Bijsterveld’s presentation opened with a photograph of Erich Mielke’s desk. (source: http://www.stasimuseum.de/ausstellung.htm)
Maastricht, 2013: Historian and Professor of Science, Technology & Modern Culture Karin Bijsterveld receives a package of over a thousand pages from the Stasi archives in Berlin, documenting “the lives of others,” that is the lives of individuals whom the Stasi subjected to surveillance (wire-tapping) between 1965 and 1989. But the files also give insights into the lives and the work of the Stasi officers behind the tape recorders and telephone lines whose job it was to retrieve relevant information from suspect phone calls as well as all the locations they had previously bugged. In their effort to employ this sonic data for forensic purposes, the main challenges that the Stasi faced lay in the realm of voice recognition—a program by no means unique to the GDR—as well as the definition of an archival classification system for a voice data bank. With both of these concerns, Bijsterveld shows that the Stasi’s approaches were in line with scientific paradigms of the time but ultimately proved unsuccessful. While the hopes set on sonograms as visual representations of voice-prints were dashed by their lack of reliability, the documentation and description of the officers’ listening analyses required ever more complex systems of knowledge organization. In the context of a totalitarian agenda, and in light of the overwhelming amount of incoming data, such organized methods of transcription were essential in retaining (the pretense of) efficiency. Apart from apparently deeming verbal descriptions more efficiently accessible than storing the voice recordings themselves, financial constraints compelled the Stasi to reuse (and thus delete) most of their recording tapes, as Wolfgang Ernst added to the discussion during the seminar session. What is left, therefore, are written accounts of sonic events, subjective descriptions in a totalitarian objectifying system, shielded moreover by the archive’s protective regulation of user access today.

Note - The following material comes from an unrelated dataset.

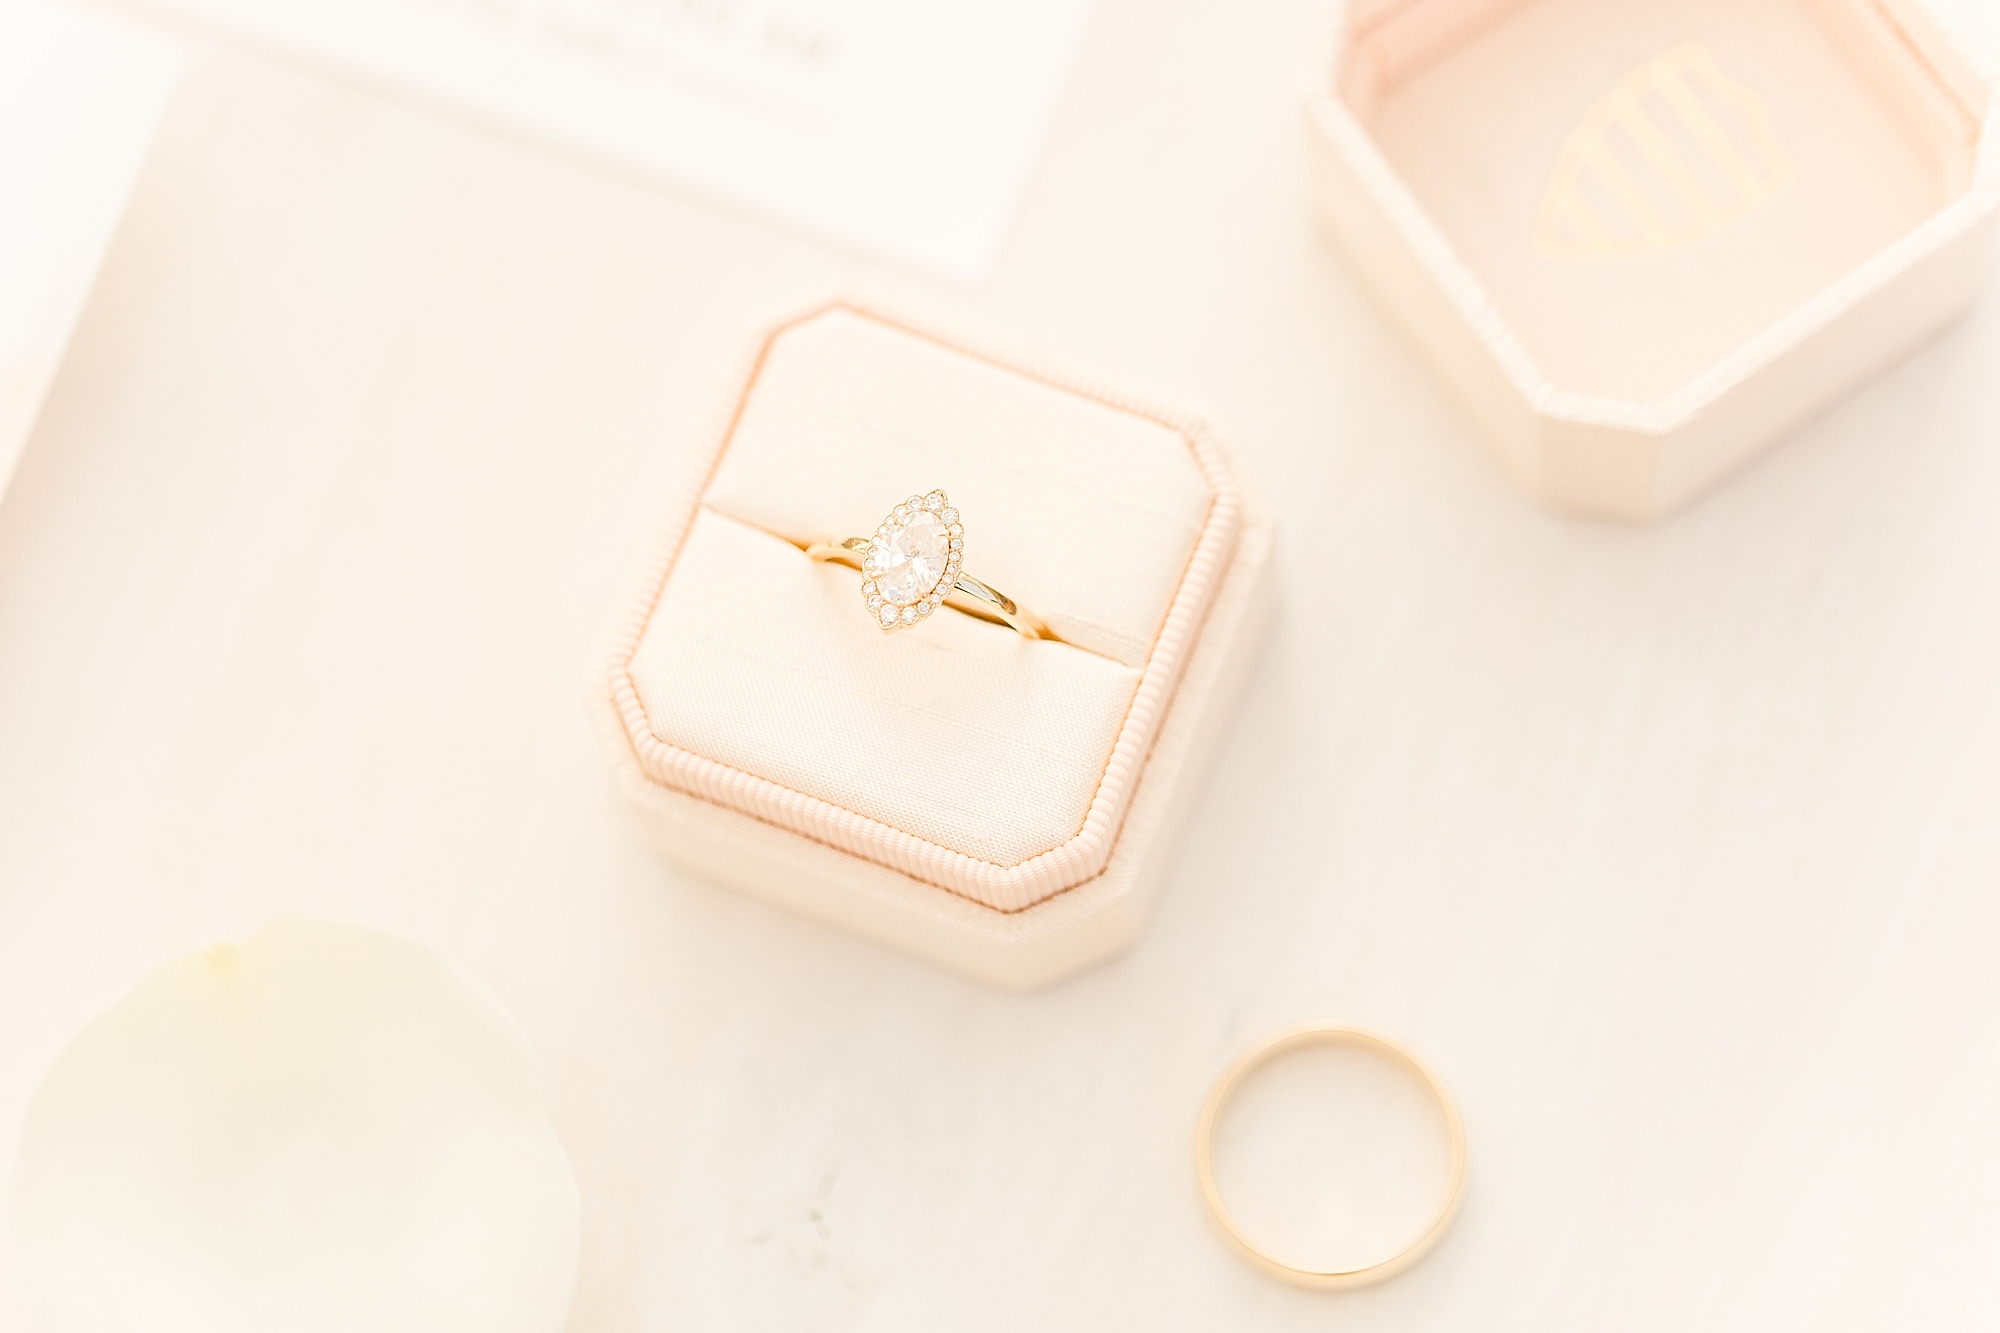 Custom wedding rings and ring box

While Bijsterveld’s study reconstructed a narrative from selected accounts from the ears of Stasi officers, Wolfgang Ernst invoked an experience in which he relied on his own media-archeological ears to test, in the present, a phenomenon from the much more distant past.
Map of the Li Galli islands from the experimental set-up of the expedition; the red dots indicate points where acoustic measurements were taken, the speaker symbol shows the placement of the sound sources. (source: https://www.medientheorien.hu-berlin.de/forschung/projekte/sirenen)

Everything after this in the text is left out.